Anyway, Bancroft was one of the few who were just primed for untruth. I’m not sure why, though I suspected afterward that he knew me like an alcoholic recognizes other alcoholics, picking up the little tells in the way your eyes go to the bottle just before you sit as far away from it as possible. Or maybe he had seen the behavior in someone close to him and was just alert to it. In any case, my little elaborations, what I used to call my fibbing, didn’t wash with him. I tried to avoid a paper on morphogenesis not once, not twice, but three times, spending more labor on inventing reasons why I couldn’t do it than I would have done on the actual paper. The first time Bancroft shut me down so completely that I should have known I was on a losing tear, but some stupid part of me treated it as a challenge. The second time I was actually affronted by how unmoved he was by my tales of hardship, as if my inventiveness had actually deserved the pass.

I failed the class, a shock so unsettling that I lost control of my grades in every other course that semester, failing to show up for finals in two of them, including one in my beloved mythology class. By the time I graduated, the 4.0 I had maintained through my first year had dropped to a 2.7, and my future was in burnout. I applied for lab positions and internships, never lying in my applications but always in interviews, upping the ante as jobs came and went, and I was still getting up at three in the morning to oversee the stocking of shelves at Great Deal. The more desperate I became, the more reckless was the lying, so that I was soon telling stories of my past employment that were in direct contradiction to my own résumé. I got used to the ripple of confusion on the faces of my interviewers, the way their gaze would go back to the papers in front of them while I backpedaled and unraveled.

I told myself it was fine. I was moving on up. It would all be fine. I was fine. And I continued to do that, right up to this day at the beach in Crete.

They were all still in the sea, but I had splashed a little distance away to be alone with my humiliation. The lie I had told Marcus about the promotion not being right for me was nothing like as great as the one I had been telling myself: that I’d gotten it, been welcomed to the upper echelon of the company with open arms, that I could afford a solo apartment or, for that matter, this vacation. That was the greater lie, the one that said life was good. That I didn’t mind my spreading body, the increasing gap between me and the friends I had made on this beach five years ago, the longing for the rum I had missed while taking the nap I had pretended was from tiredness rather than retreat, rather than panic, dread, and rushing inadequacy. They were all paddling back to their deck chairs now, and there would be more rum, or whatever newfangled cocktails Melissa had discovered in the trendy London bars I would never visit. I wanted one of those drinks more than anything. No, I wanted six. But I couldn’t face the way Marcus would avoid my gaze, as you might avoid looking directly at a beggar.

I was an embarrassment.

So I swam farther out as the others went in.

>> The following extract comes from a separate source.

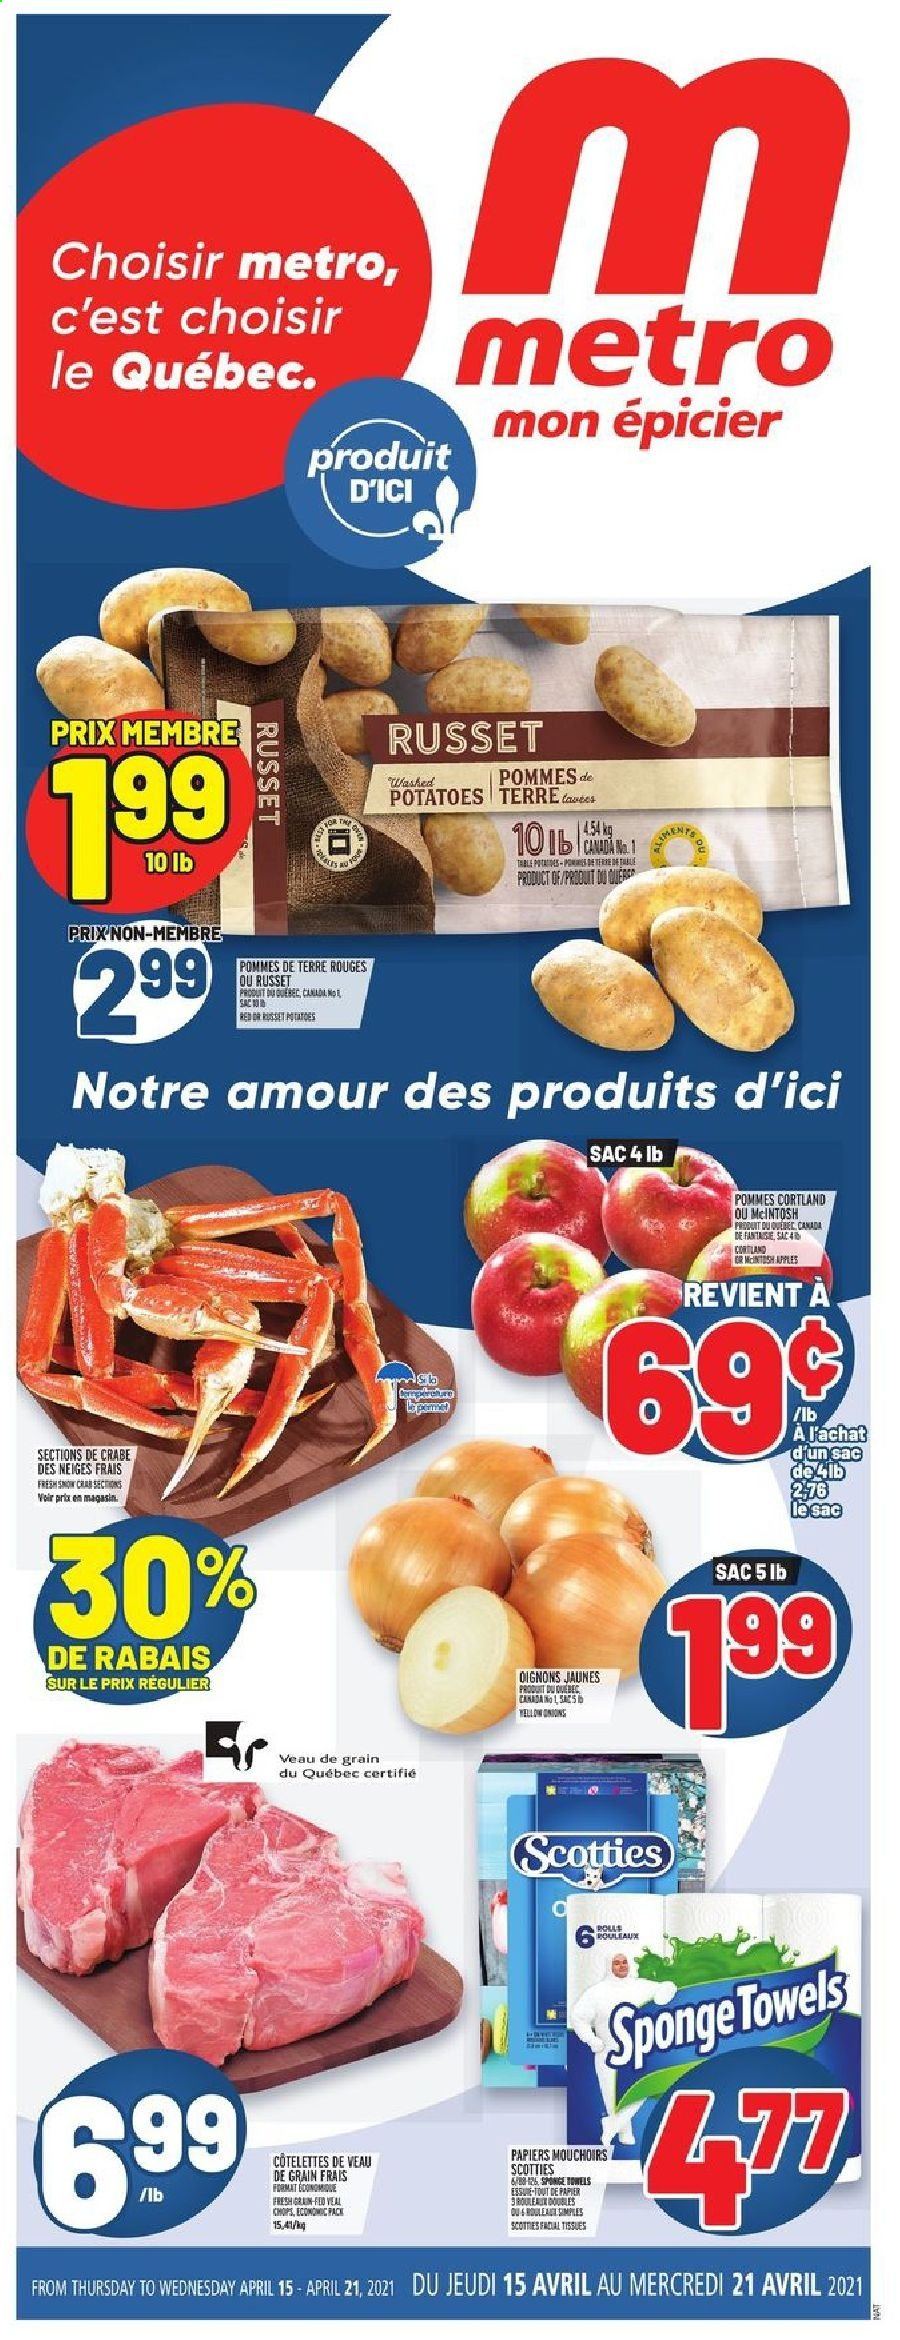 thumbnail - Circulaire Metro - 15 Avril 2021 - 21 Avril 2021 - Produits soldés - oignons, pommes de terre, viande de veau, crabe, mouchoirs. Page 1.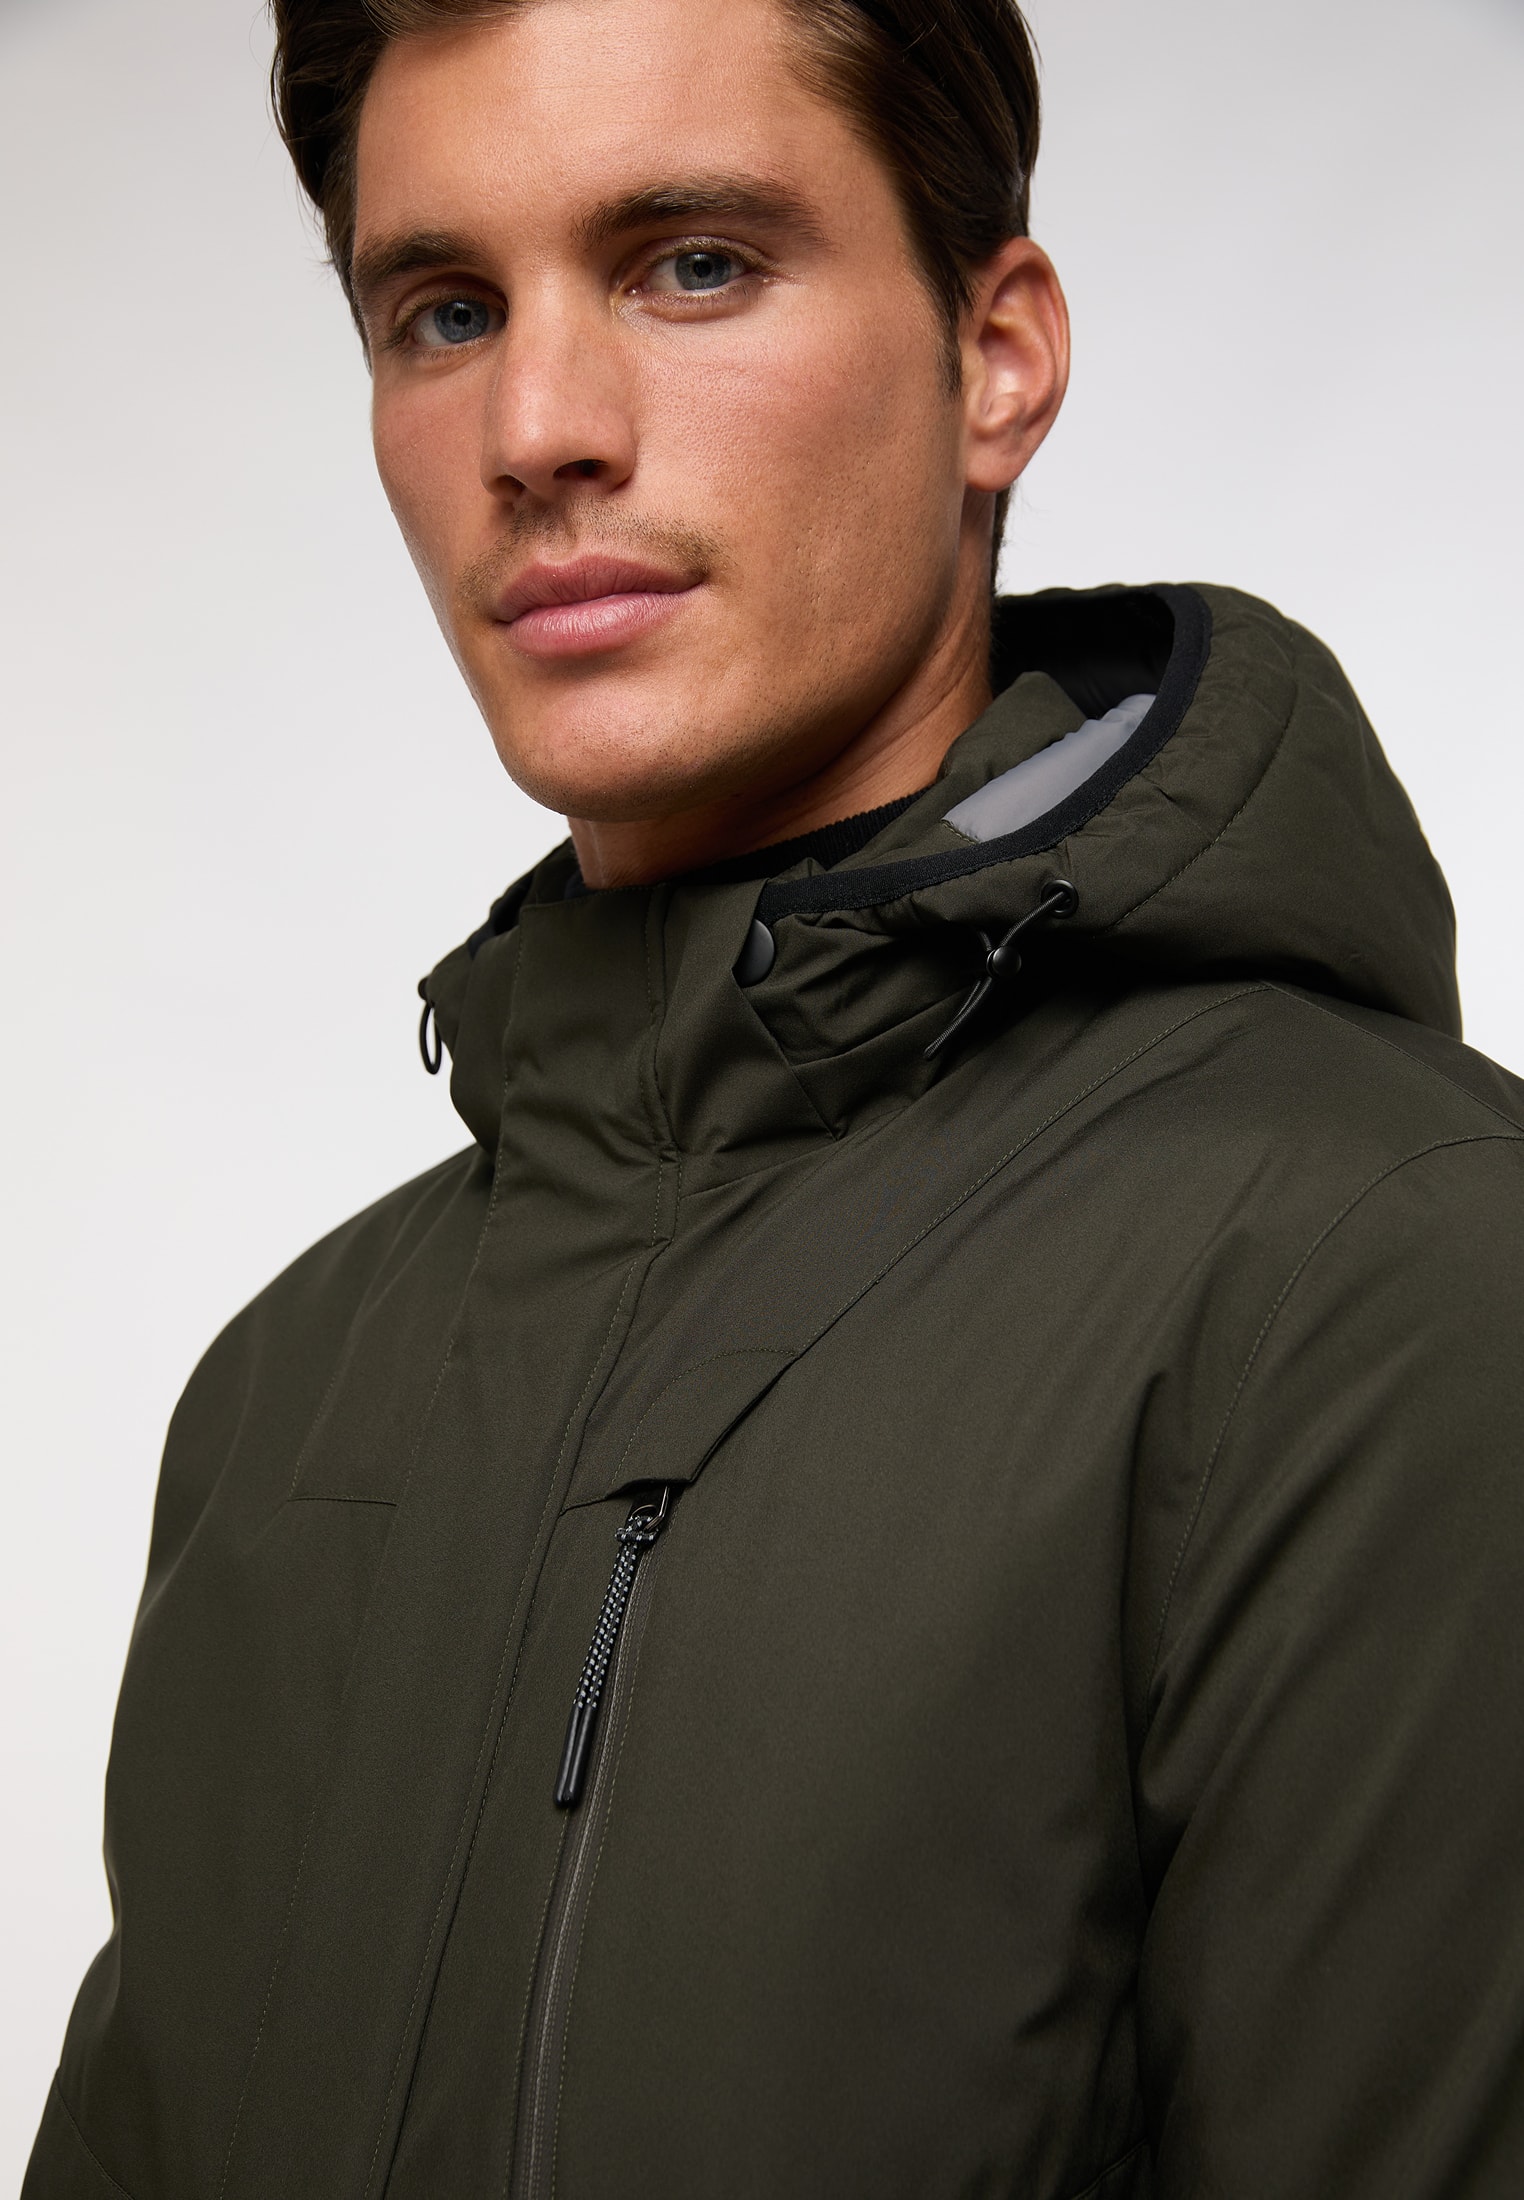 Parka jacket in olive plain

I swim like I do everything else—badly, with neither grace nor power—but I felt my feet leave the bottom and labored on out to sea. The horizon sparkled through my speckled glasses and I fixed my eyes on it, pushing through my clumsy and inefficient breaststroke, glad I couldn’t see the others settling happily on the beach talking about . . . what? Old times? Recent triumphs? A new kitchen, even a new house? I doubted Simon could afford a private jet, but a boat was surely within his means. Maybe he already had one. Maybe Marcus was telling them all about the excavations at the palace of King Minos. Or Midas, who turned everything to gold just by touching it. Or maybe he was telling them about Jan and her lies, her dire financial straits and professional failures, Queen Jan whose touch turned everything to shit.

I kept swimming. Someone went buzzing round the headland on a Jet Ski. We’d used a Jet Ski or two when we were here last. I remember seeing Simon on a big blue one, looking like a latter-day Poseidon shooting across the waves, his face dark with focus, his chest and arms braced. He had been—as always—confident, impressive, even when he ran it aground on the pebbly shore on our last day and had to pay for the damage.

“Why you drive so fast, man?” the rental guy had yelled. “Why you not just shut it off? And why you come from over there? I told you, you only go round the rocks that way!”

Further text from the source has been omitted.